Now for my footnote--on the mythology of my title. I realized that I was in trouble with this title when one of my department colleagues asked if I'd made a typo: you mean, he queried, "the Downsizing dragon." No, I explained. Later that evening, my wife assured me that everyone really would know what I'm talking about; you mean, right, she said, "dag-gone," like that "dag-gone" mut whom you let into my kitchen. No, I explained. The Dagon of my title is the ancient God of the Philistines--the one Milton rails against so powerfully in his eloquent defense of heroic knowledge, Samson Agonistes; Dagon was worshipped by the Philistines as a slippery amphibian with a taste for social sacrifice; downsizing, of course, is a wholly unrelated contemporary deity, worshipped by slippery philistines with a taste for social sacrifice. Always useful to begin by making distinctions.

I begin by talking about downsizing because all important educational issues at UTK are currently conditioned by the rhetoric and the politics of downsizing, and none more conspicuously than the renewed attention to tenure. At the heart of the argument for implementing a post-tenure review process is a set of related propositions having to do with public perceptions: that a public outcry against waste in big government is readying itself against waste in higher education, and that the ready target for such outcry is a tenure system likely to find itself increasingly under attack (our Chancellor fears) because of its (seeming) guaranteed, lifetime employment for mediocrity and even incompetence. (Those who have read the Chancellor's open letter to the faculty realize I am paraphrasing his remarks). A post-tenure review process would, it is argued, correct such mistaken public impressions by producing evidence of real faculty productivity.

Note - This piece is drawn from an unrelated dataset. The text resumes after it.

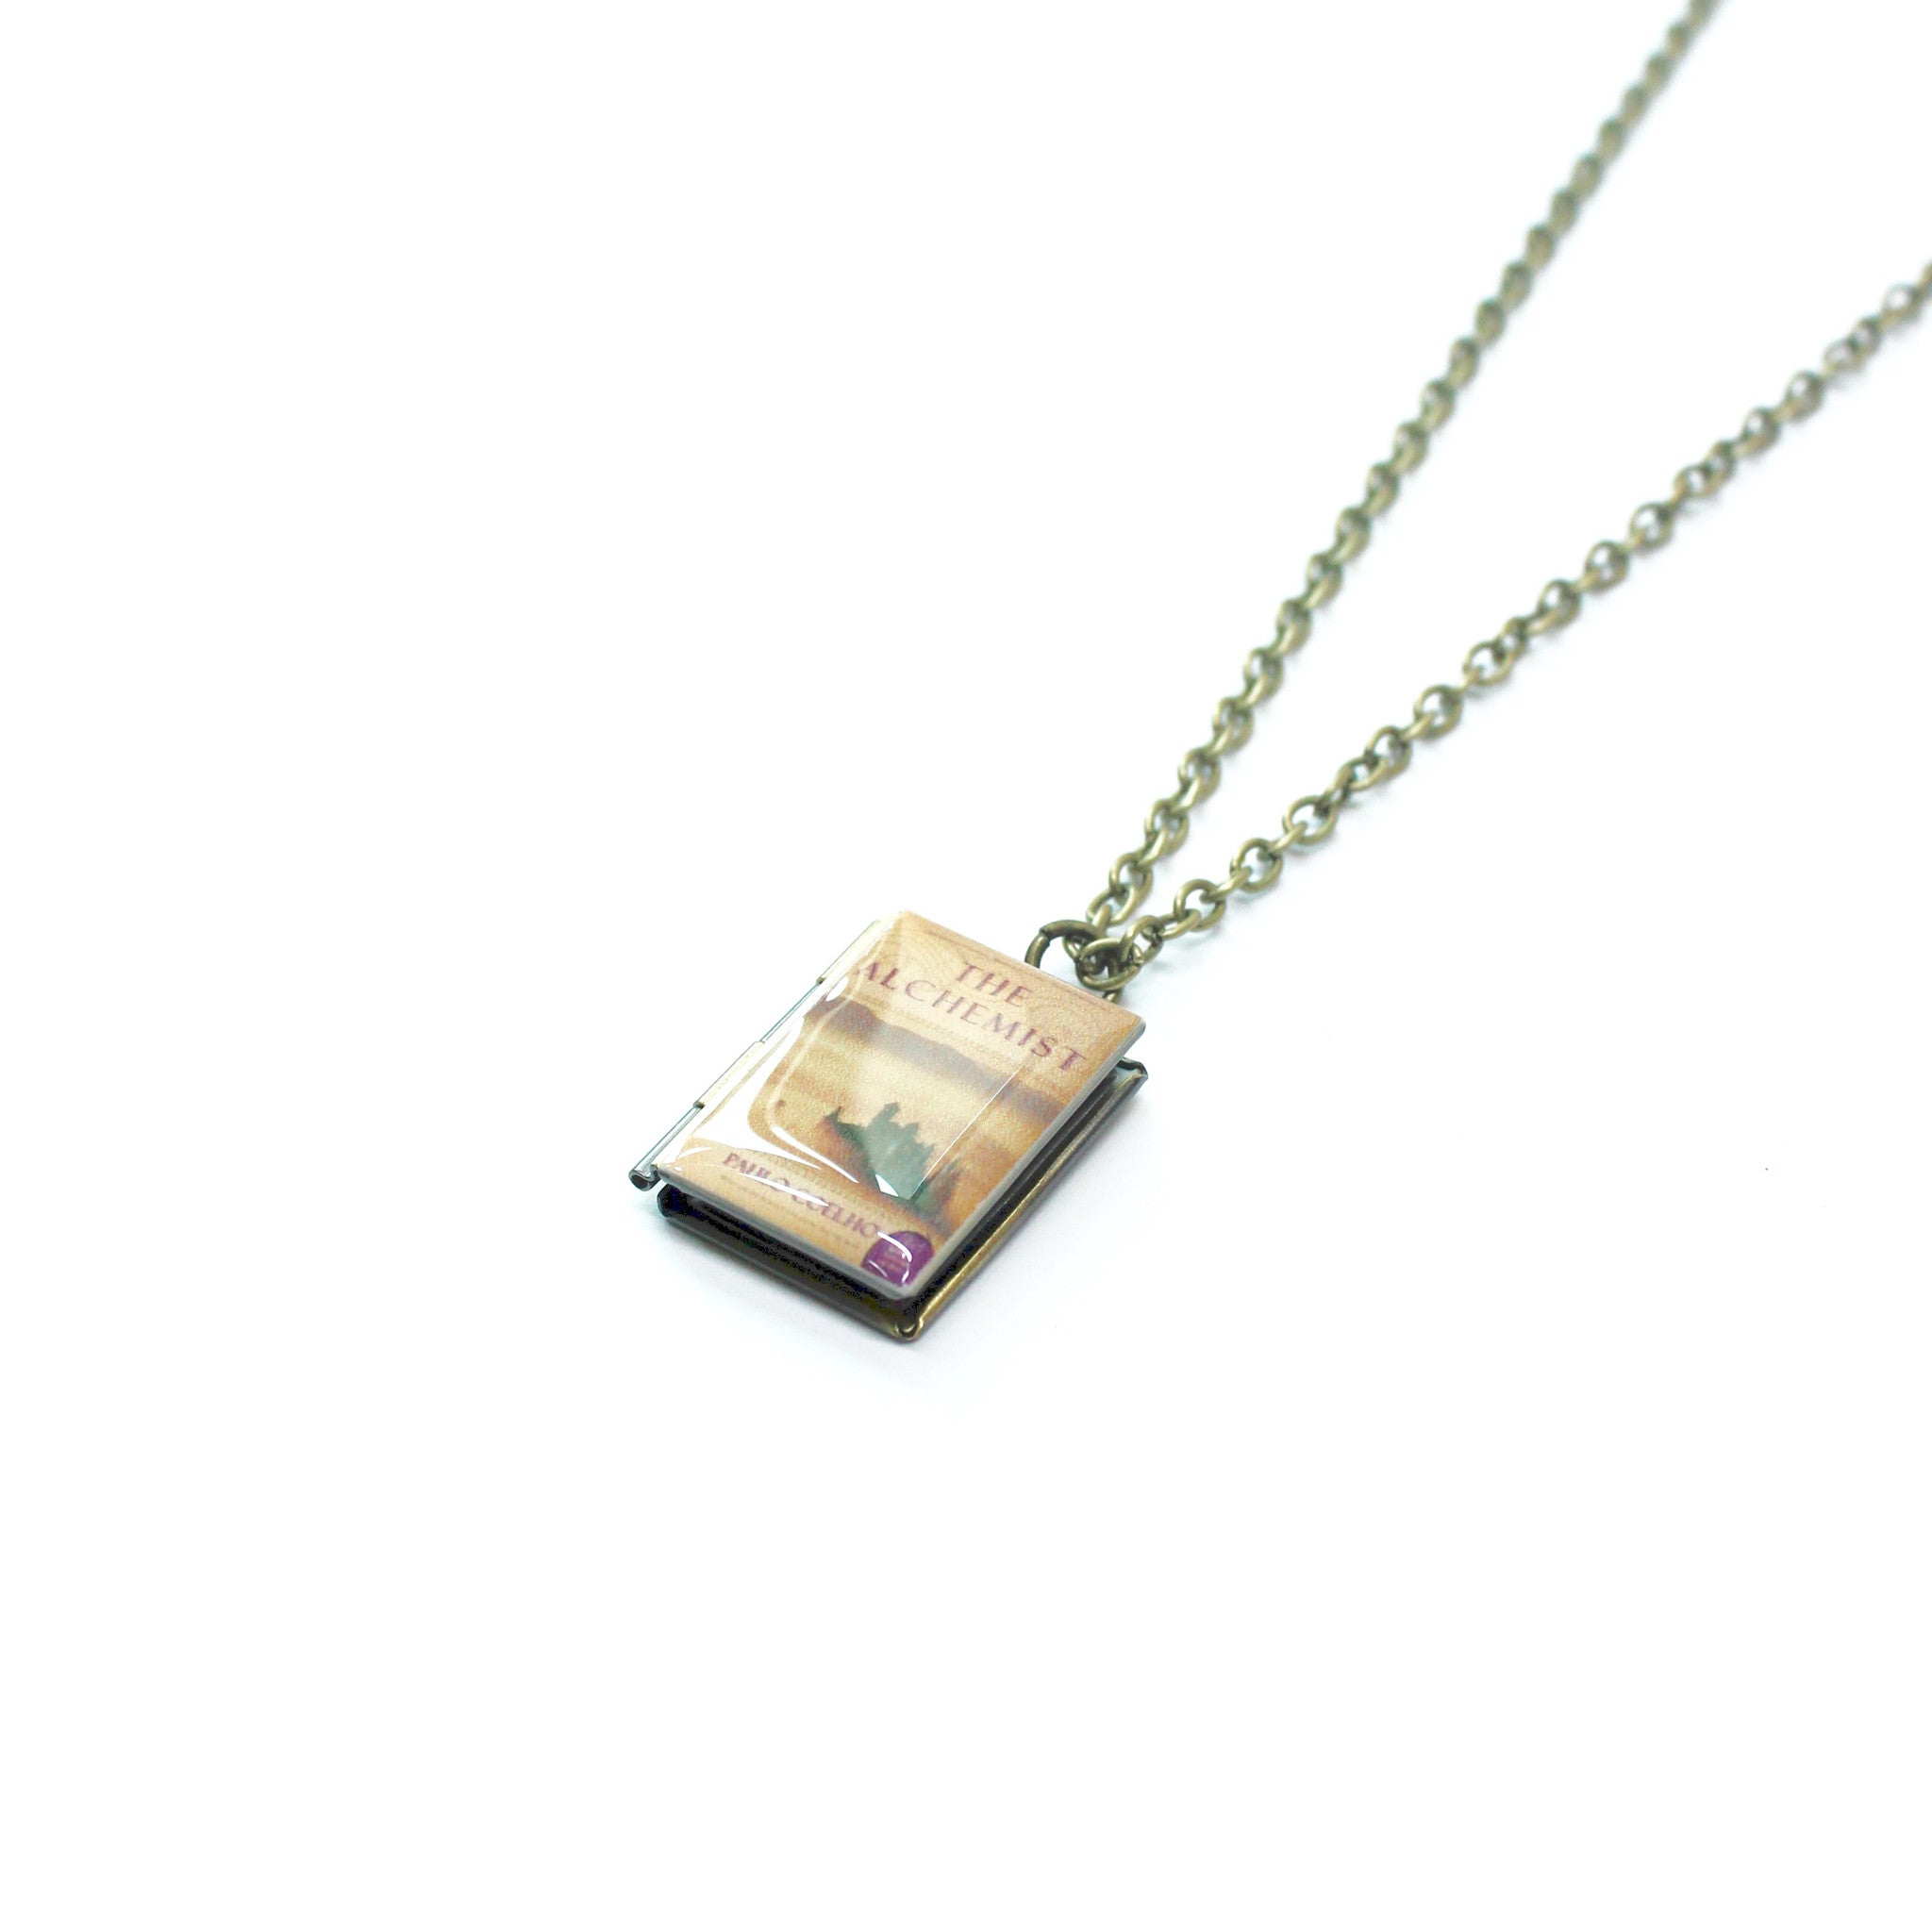 Women Book Friend Jewelry Square Shaped Necklace Photo Picture Locket  Pendant at Rs 1379.00 | C P Tank | Mumbai| ID: 2851665690730

Public perceptions are key matters of concern here, and while I am sympathetic to the good intentions that motivate these arguments, I am skeptical about them, first and most important, because they misrecognize the very social reality they seek to explain: attacks on tenure are occuring in Tennessee not as public outcry against public perceptions of a bloated, mediocre professoriate, but as the politically interested arguments of conservative columnists like Thomas Sewell or fiscal opportunists like Governor Sundquist. There simply isn't any evidence of a genuine public outcry against tenure. (On this point, I am happy to acknowledge agreement with my colleague, Sheldon Cohen.) Once more, to mistake such criticisms for a genuine public outcry is to misunderstand, more crucially, what the public does want from higher education. Public interest in higher education is difficult to gage, so infrequent and so quiet are its manifestations, but it is certainly arguable that the public interest is at once relatively uncomplicated and eminently rational: Tennesseans want a university system that makes available fine research facilities, but even more crucially they want a first-rate undergraduate education for their daughters and their sons. What Virginia has, North Carolina, Michigan and Wisconsin--states that continue to maintain a high-quality publicly funded system of higher learning as an alternative to what must otherwise become the future of university education in America: a grand canyon that divides the private and the privileged from the publicly diminished and demotic. Conversely, I would argue, the public has no interest in the wholescale replacement of the tenured professoriate by temporary, tenureless adjuncts (which of course, is the ultimate object behind these attacks on tenure, as well as the likely employment future of American higher education generally, where now more than 50% of all job hires nationally are for adjuncts); only the philistines who preach downsizing have any interest in gutting the professoriate.

I do not mean to suggest in the absence of such public outcry that Sundquist will be unable to pull a Minnesota in Tennessee, to rally a legislature and perhaps even a sizeable public voice in opposition to tenure; I want only to indicate that such outcry would be the product of the politics and the rhetoric of downsizing, and that the provocation of such an outcry can be effectively forestalled best by a university community that acts in order to persuade the public that its real interests are being met, that the University is serious, first and foremost, in guaranteeing a quality undergraduate education to the people of Tennessee. Debates about tenure matter, then, because they remind us of that all-important battle for public support.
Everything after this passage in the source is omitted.